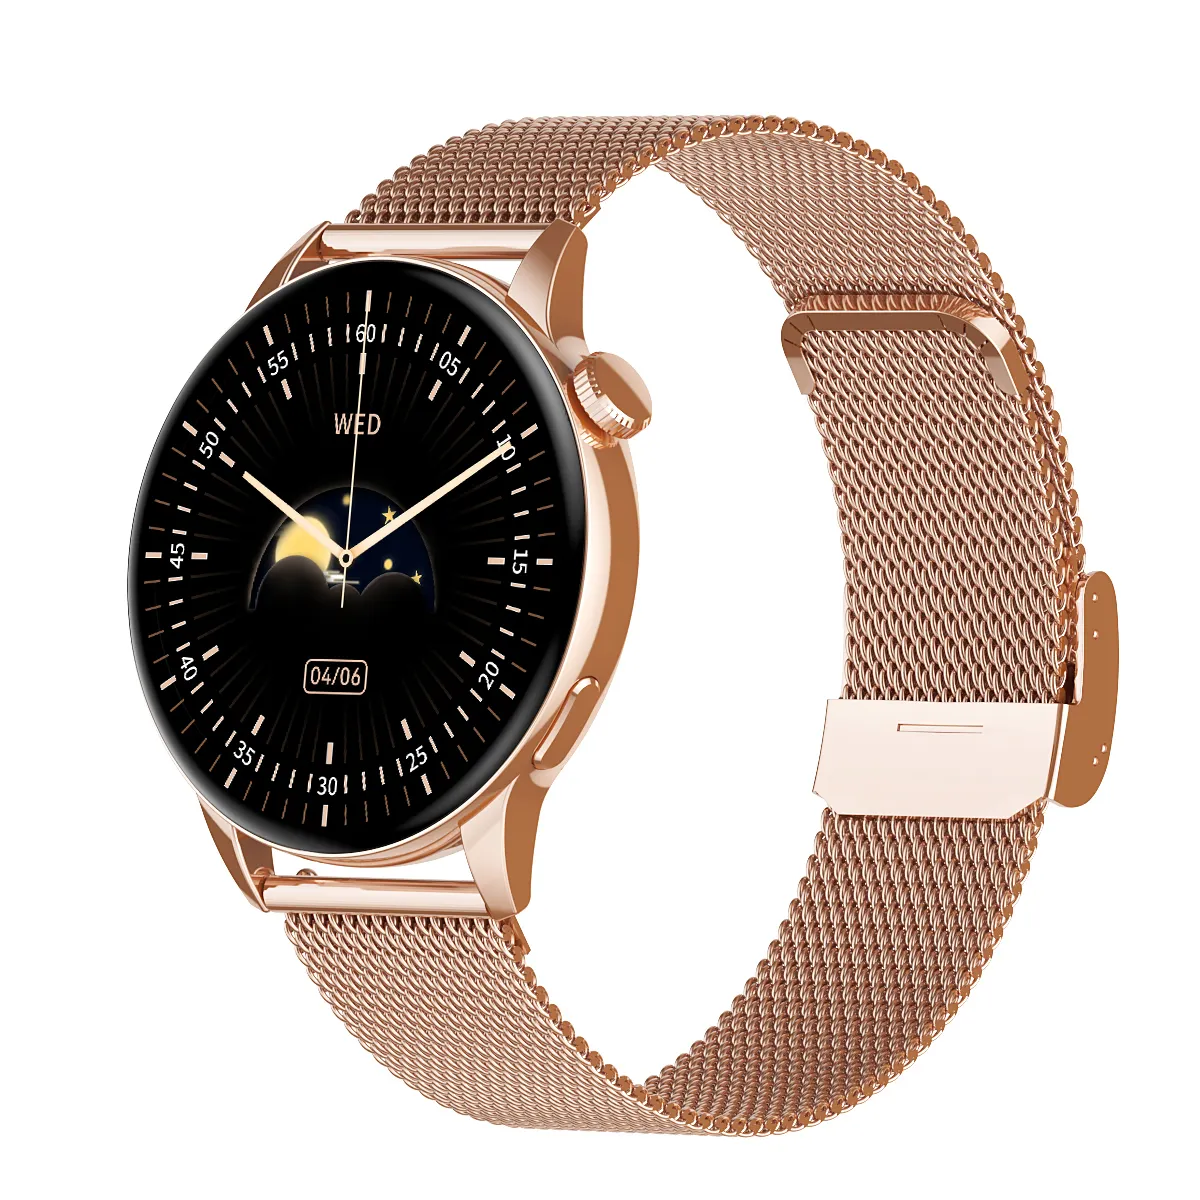 HD1 Alta Qualidade Rodada Dial Amoled Gold Smartwatch Meninas Reloj Compass Golden Smart Watch Mujer À Prova D' Água Para As Mulheres smart band
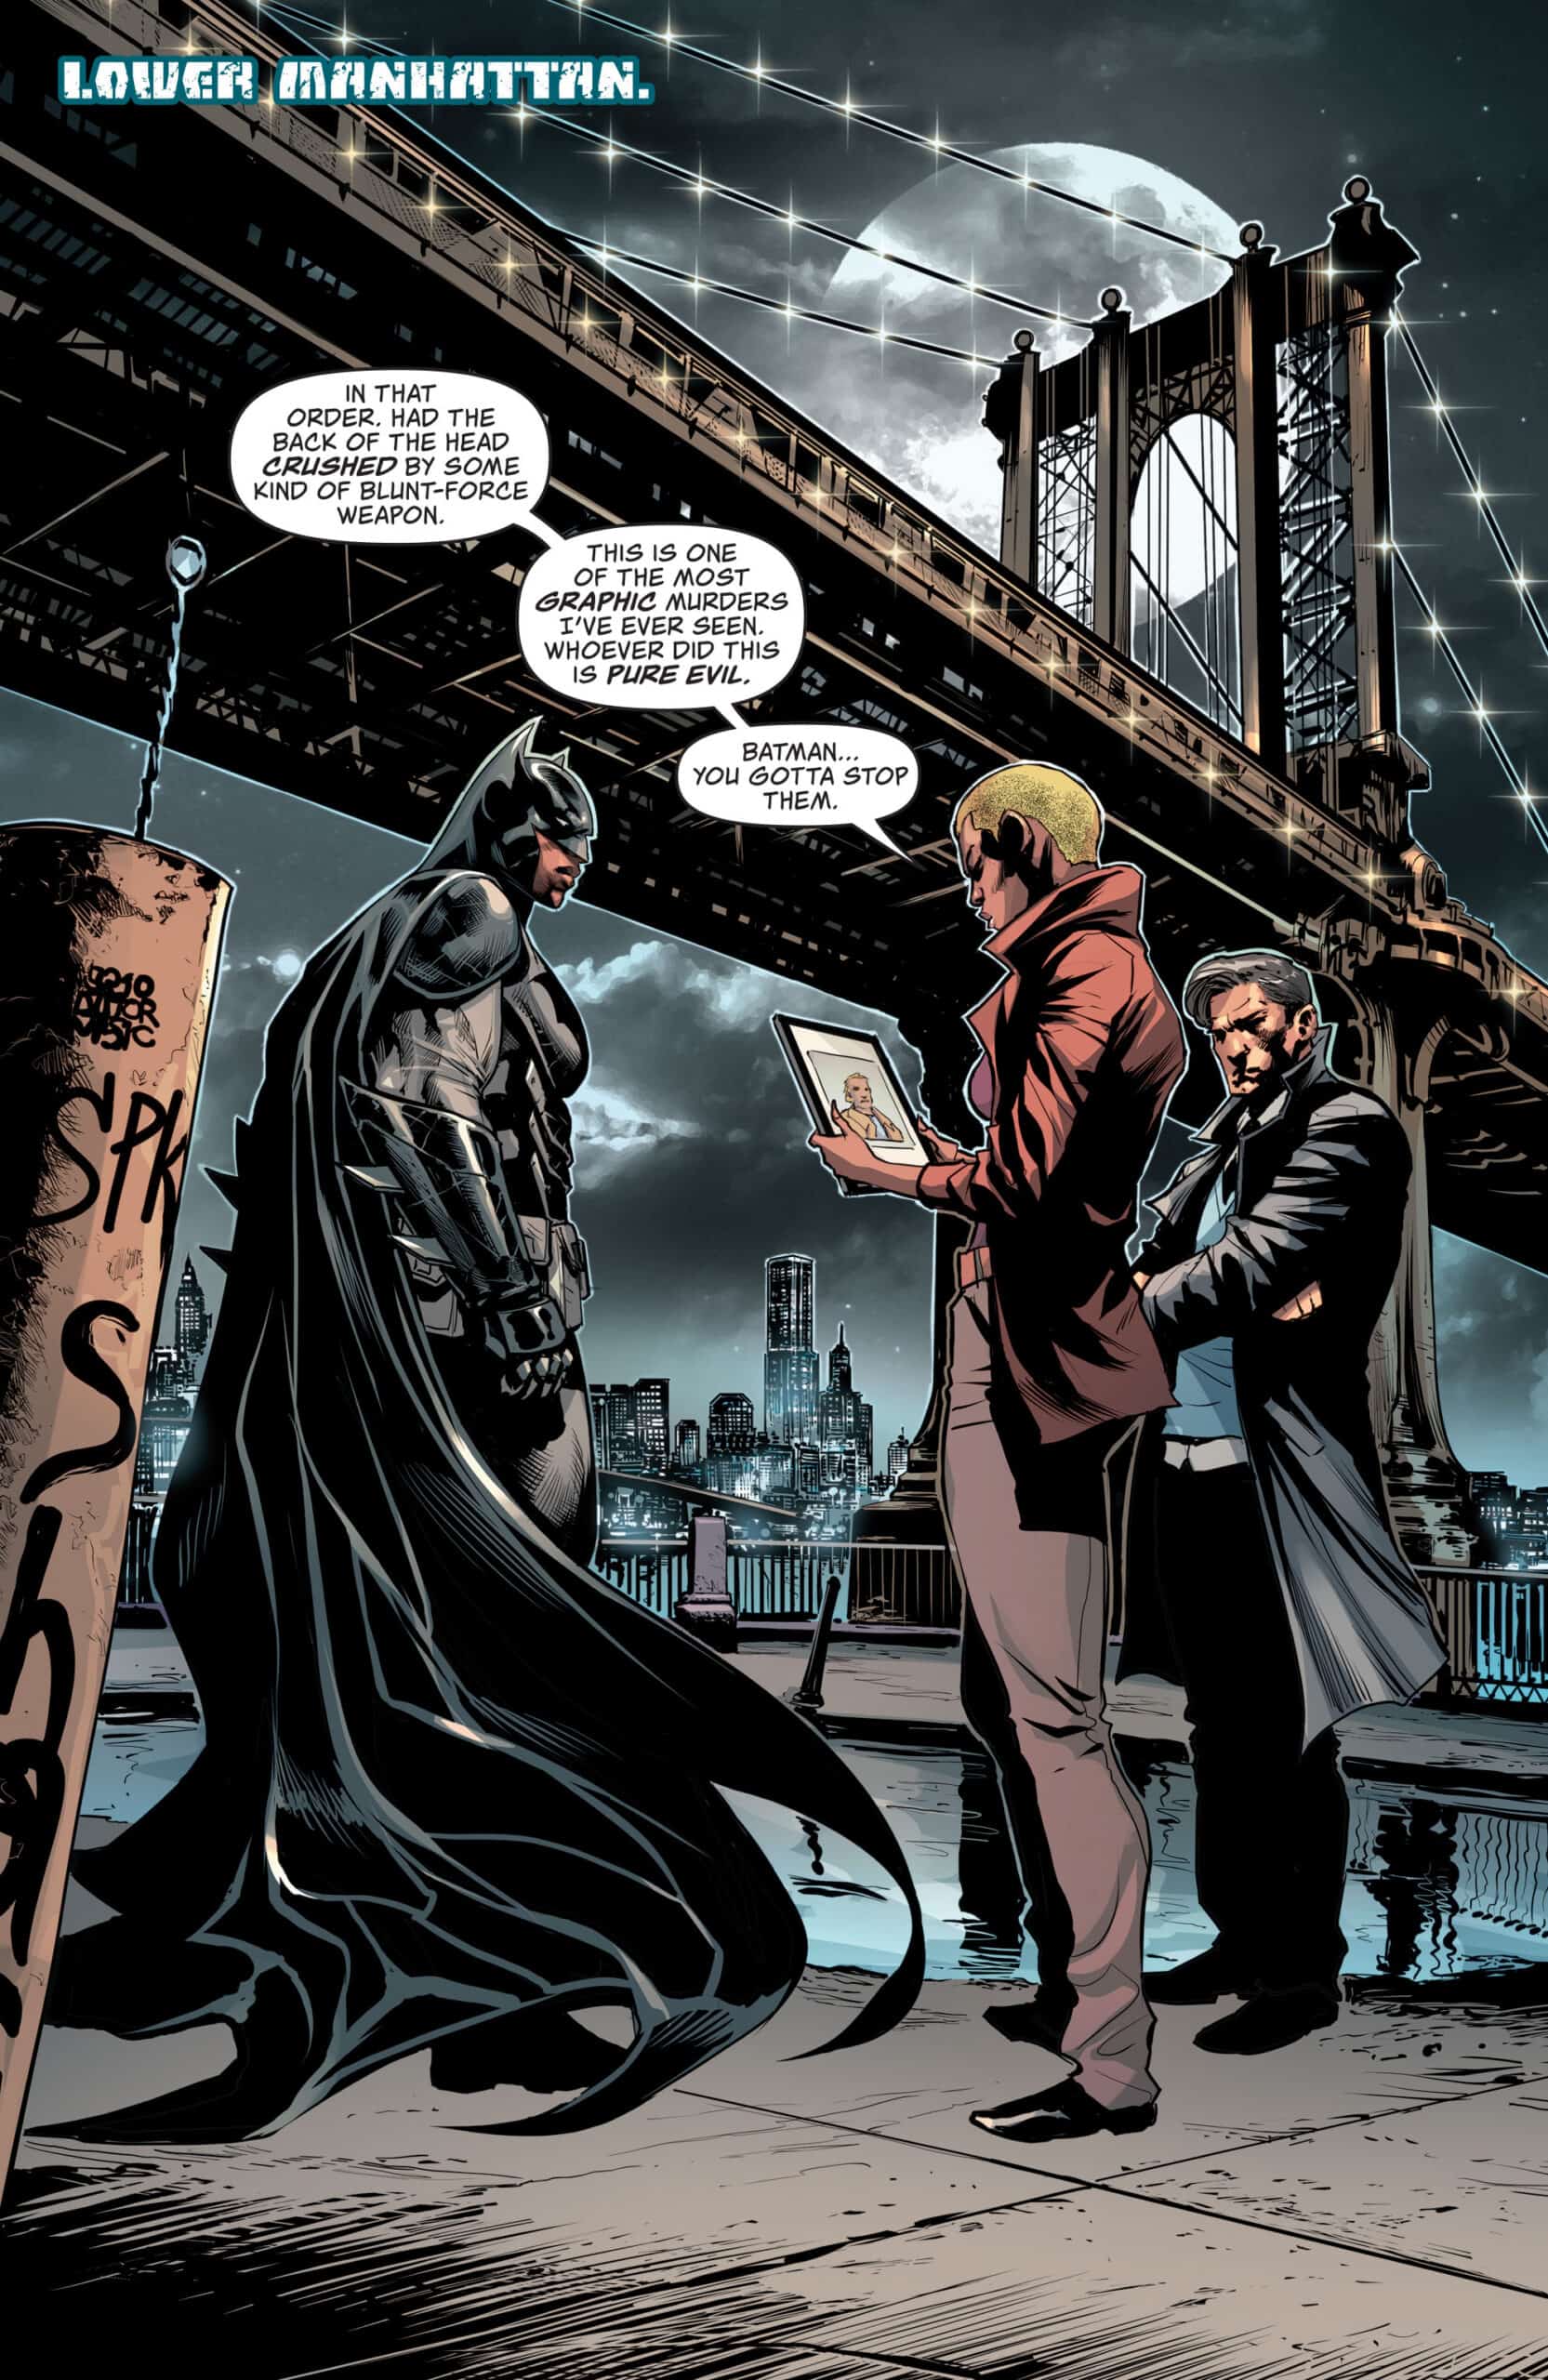 SNEAK PEAK: Preview of DC's I AM BATMAN #7 (On Sale 3/8!) - Comic Watch
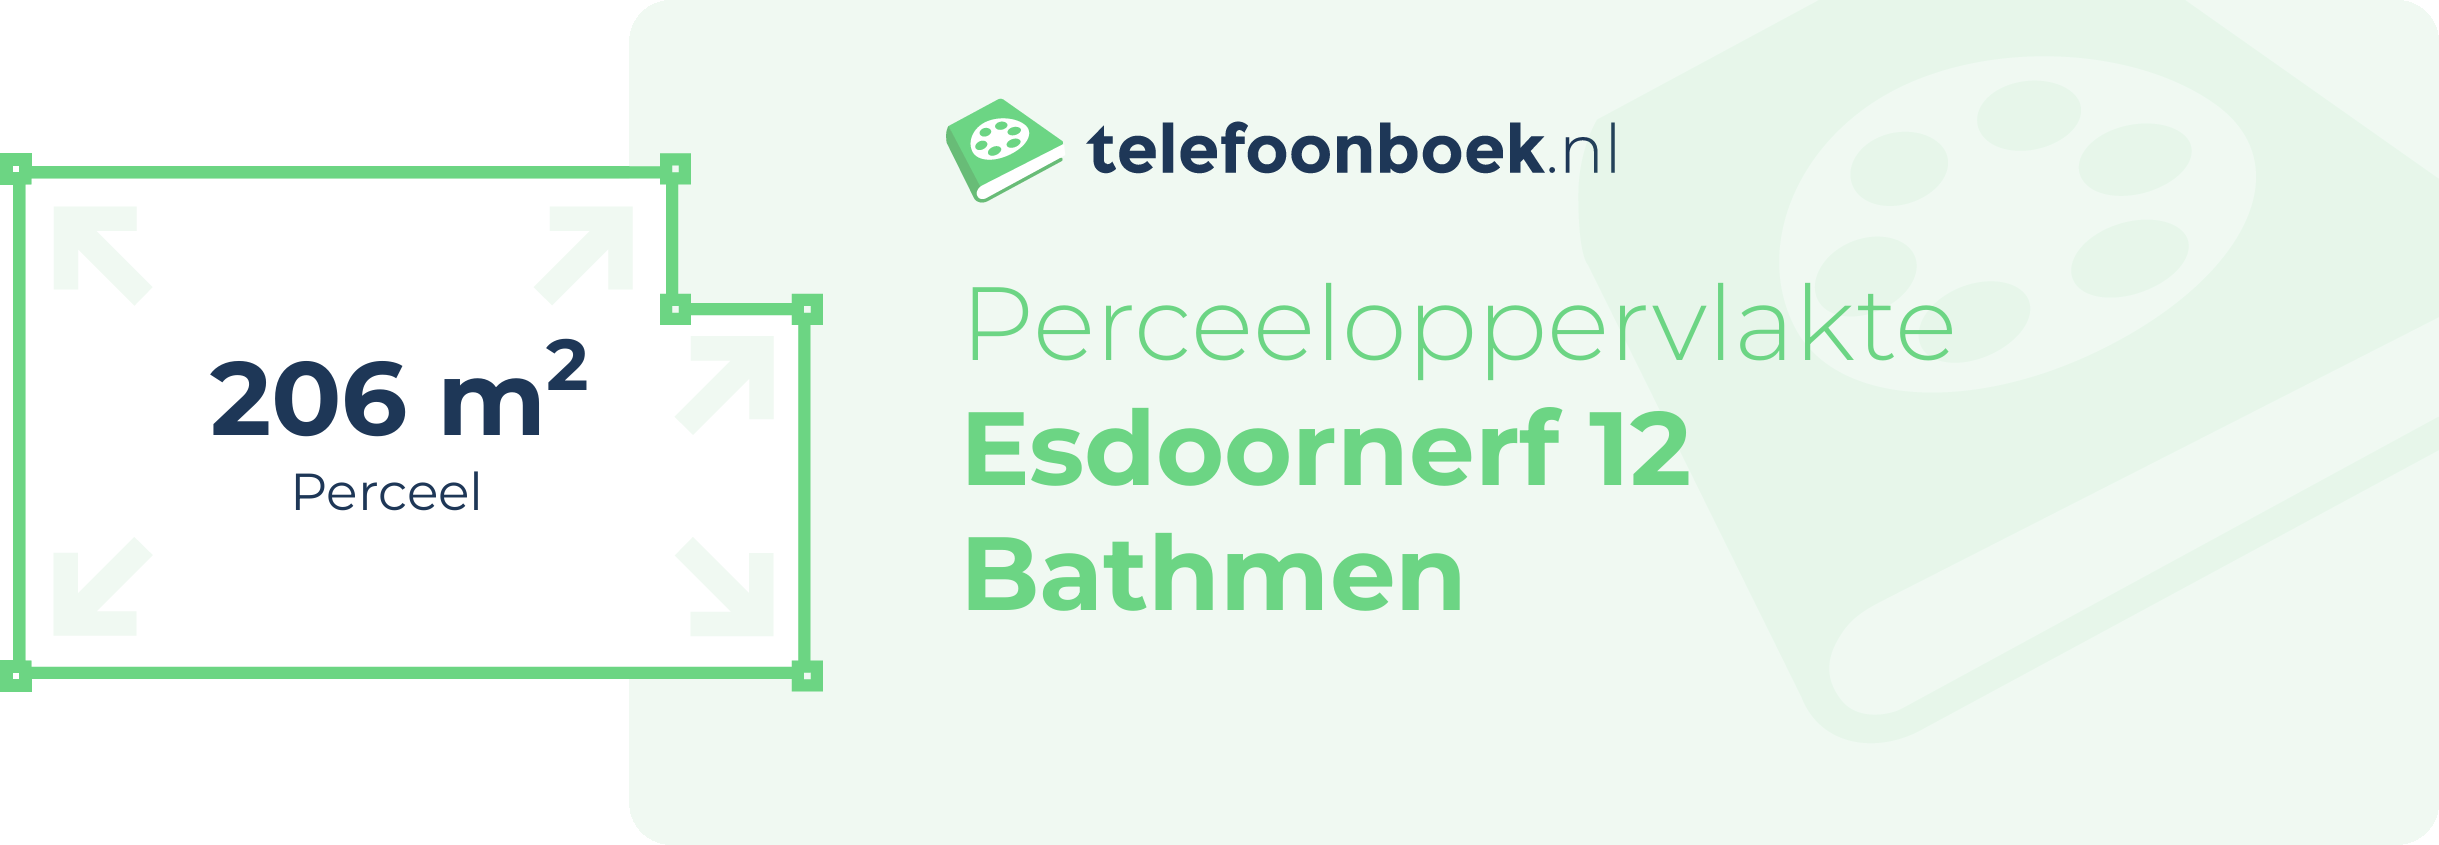 Perceeloppervlakte Esdoornerf 12 Bathmen
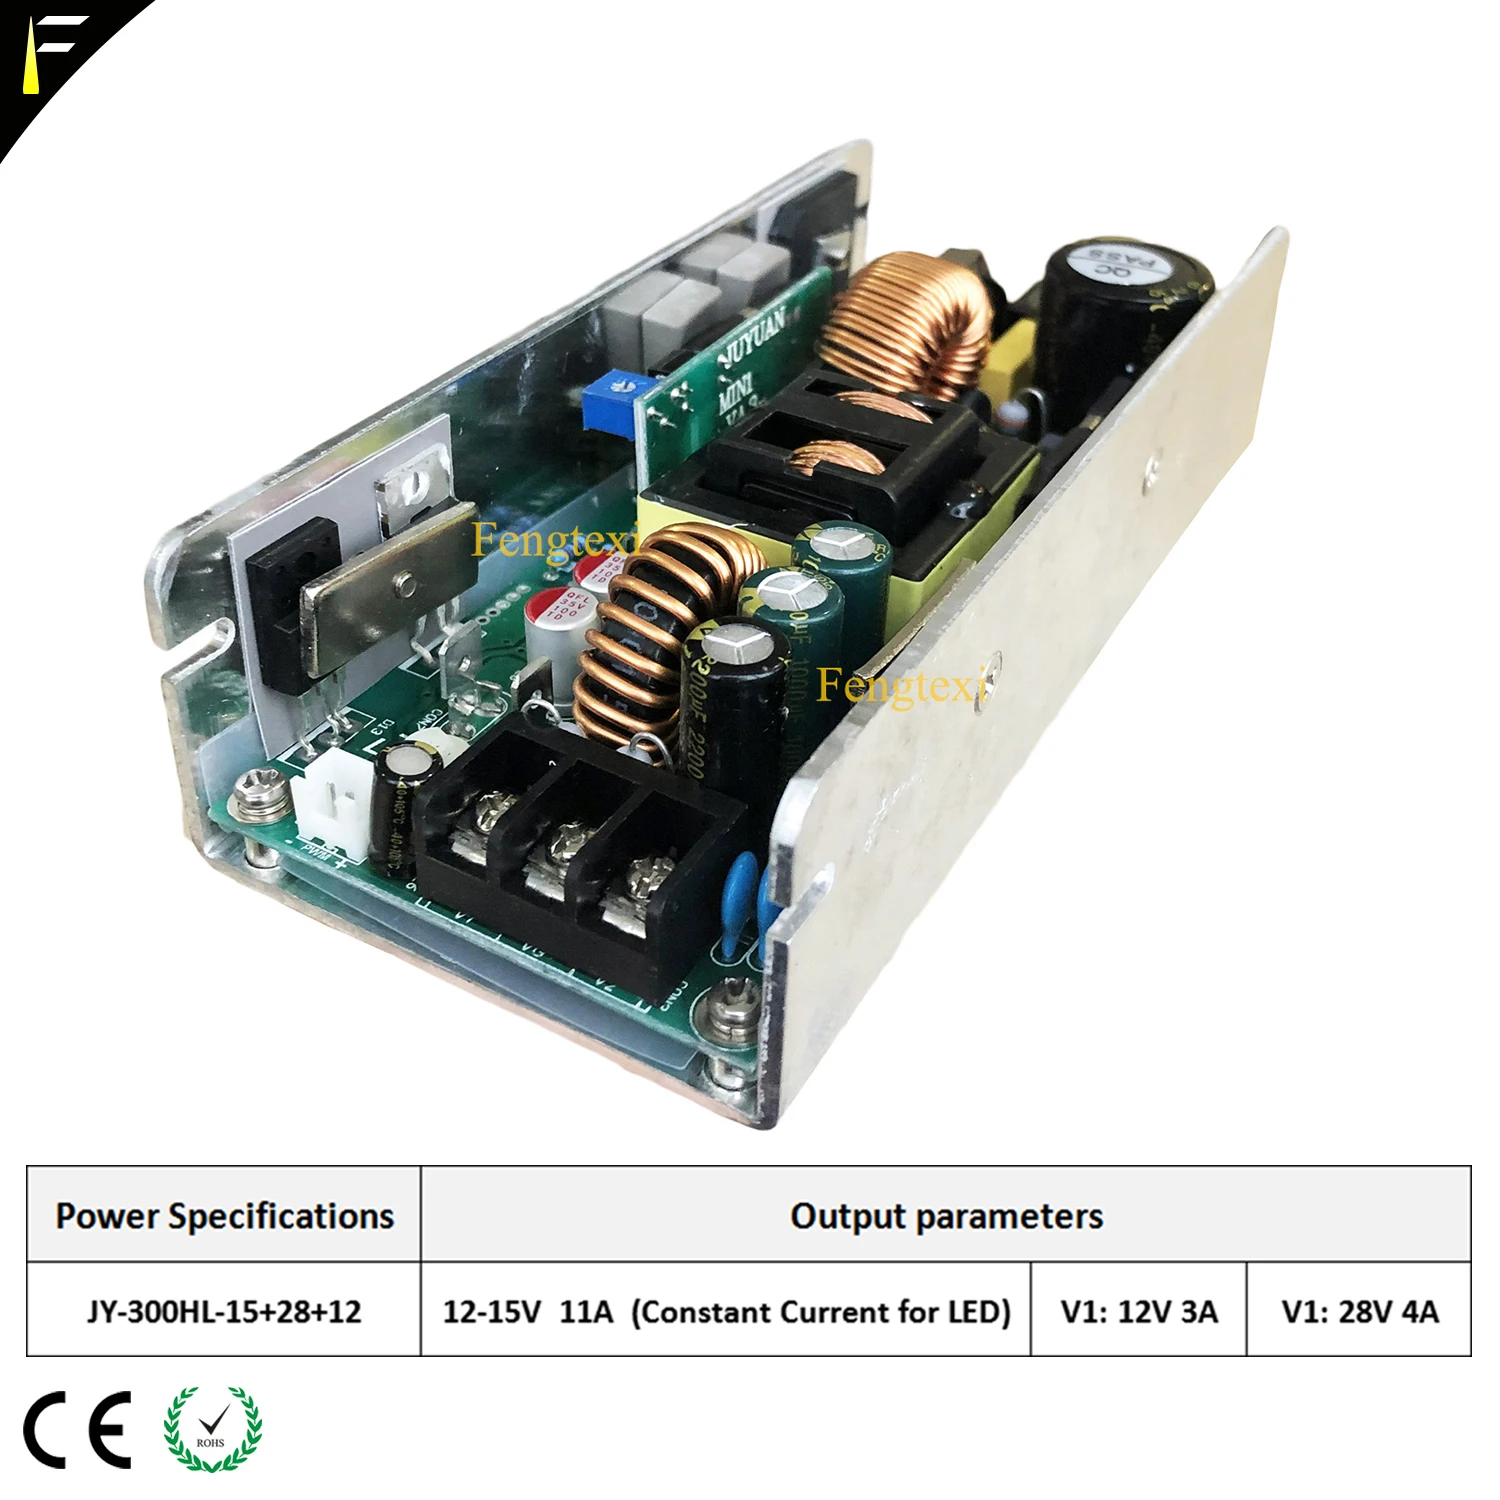 luz-par-de-led-para-palco-cabecote-movel-de-escurecimento-unidade-de-corrente-constante-interruptor-integrado-fonte-de-energia-300w-drive-28-12

What you will do
Return the full listing above verbatim, please, but without its images.

Expected answer
 HD1 Alta Qualidade Rodada Dial Amoled Gold Smartwatch Meninas Reloj Compass Golden Smart Watch Mujer À Prova D' Água Para As Mulheres smart band
 SNEAK PEAK: Preview of DC's I AM BATMAN #7 (On Sale 3/8!) - Comic Watch
 Perceeloppervlakte Esdoornerf 12 Bathmen
 luz-par-de-led-para-palco-cabecote-movel-de-escurecimento-unidade-de-corrente-constante-interruptor-integrado-fonte-de-energia-300w-drive-28-12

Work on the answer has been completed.